论文标题
Effeval:对MT评估指标的效率的全面评估
EffEval: A Comprehensive Evaluation of Efficiency for MT Evaluation Metrics
论文作者
论文摘要
效率是促进包容性和降低环境成本的关键特性,尤其是在LLM时代。在这项工作中,我们对MT评估指标的效率进行了全面评估。我们的方法涉及用更轻的替代方案替换计算密集型变压器,并在LLM表示顶部使用线性和二次近似来对齐算法。我们评估了三个MT数据集的六个(基于参考和参考的)指标,并检查16个轻型变压器。此外,我们通过利用适配器来调查诸如彗星等指标的训练效率。我们的结果表明,(a)Tinybert在质量和效率之间提供了最佳平衡,(b)CPU加速比GPU上的速度更为实质。 (c)WMD近似在降低质量的同时没有提高效率,并且(d)适配器提高了训练效率(有关向后传递速度和内存需求)以及在某些情况下是度量质量。这些发现可以帮助在评估速度和质量之间取得平衡,这对于有效的NLG系统至关重要。此外,我们的研究有助于持续的努力,以优化NLG评估指标,对性能影响最小。据我们所知,我们对迄今为止进行的MT指标的不同方面的最全面分析。

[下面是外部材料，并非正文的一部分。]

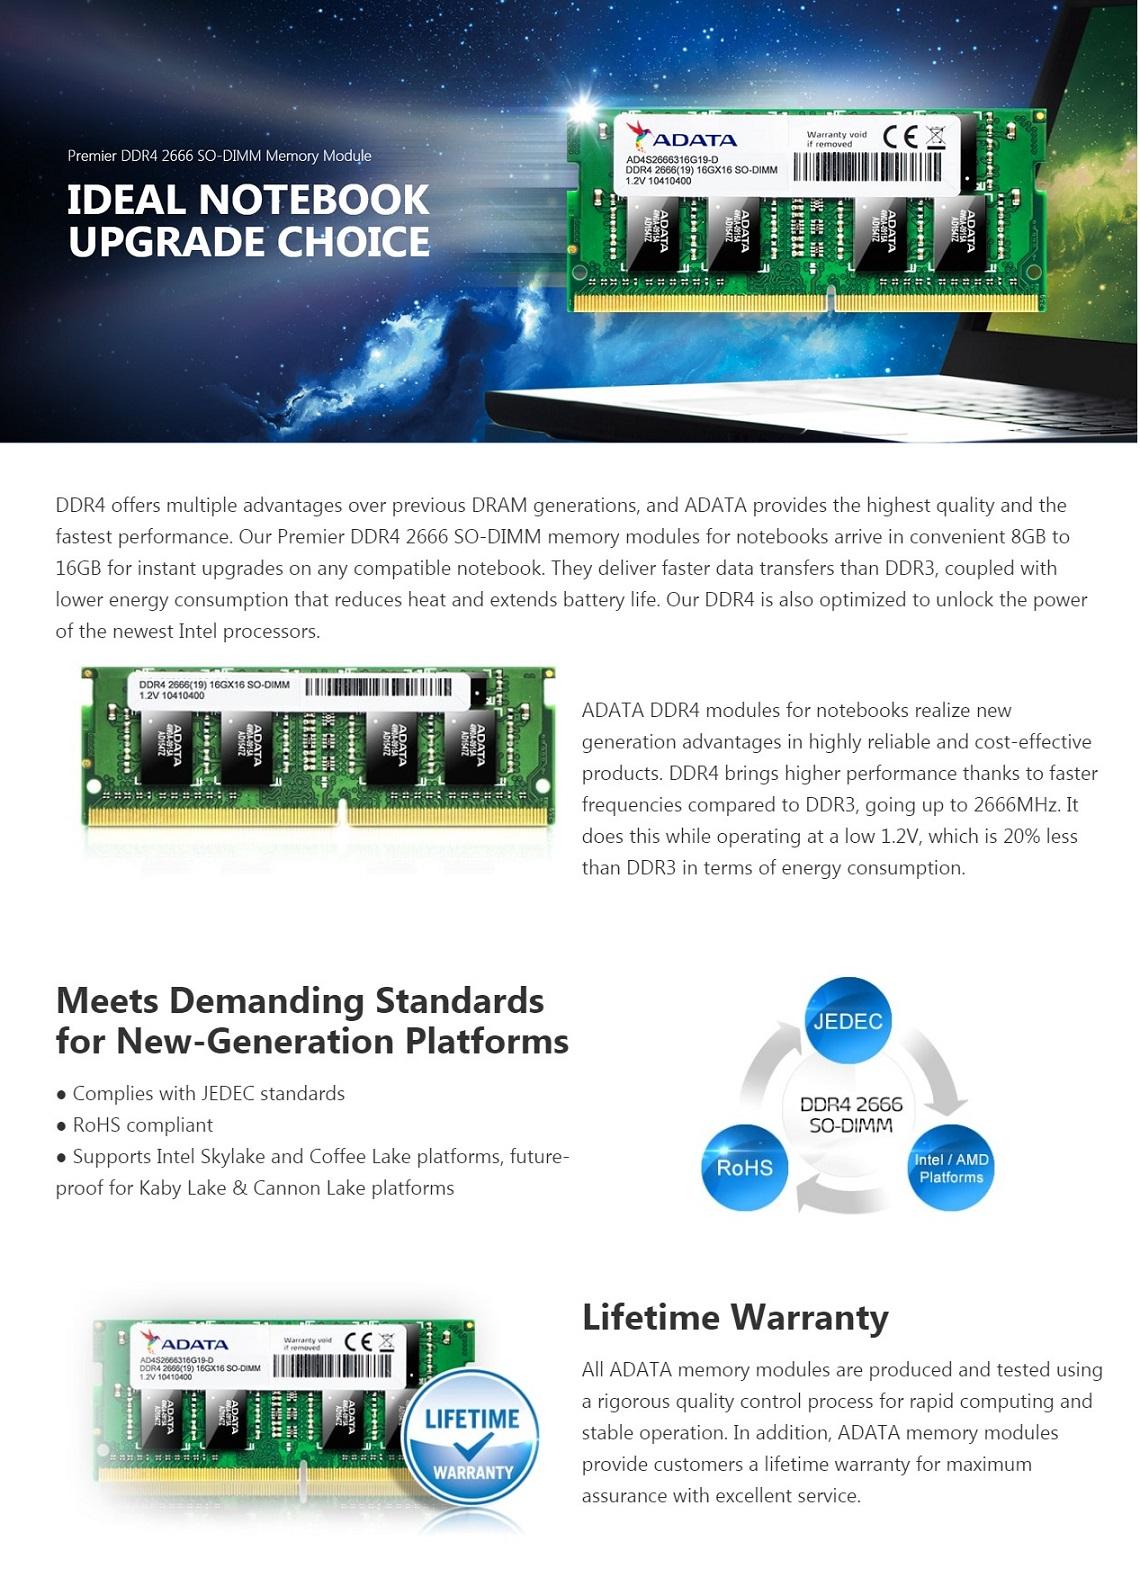 Adata 16GB Premier DDR4 2666Mhz 1.2v 260-pin SO-DIMM Memory Module Laptop Memory

Efficiency is a key property to foster inclusiveness and reduce environmental costs, especially in an era of LLMs. In this work, we provide a comprehensive evaluation of efficiency for MT evaluation metrics. Our approach involves replacing computation-intensive transformers with lighter alternatives and employing linear and quadratic approximations for alignment algorithms on top of LLM representations. We evaluate six (reference-free and reference-based) metrics across three MT datasets and examine 16 lightweight transformers. In addition, we look into the training efficiency of metrics like COMET by utilizing adapters. Our results indicate that (a) TinyBERT provides the optimal balance between quality and efficiency, (b) CPU speed-ups are more substantial than those on GPU; (c) WMD approximations yield no efficiency gains while reducing quality and (d) adapters enhance training efficiency (regarding backward pass speed and memory requirements) as well as, in some cases, metric quality. These findings can help to strike a balance between evaluation speed and quality, which is essential for effective NLG systems. Furthermore, our research contributes to the ongoing efforts to optimize NLG evaluation metrics with minimal impact on performance. To our knowledge, ours is the most comprehensive analysis of different aspects of efficiency for MT metrics conducted so far.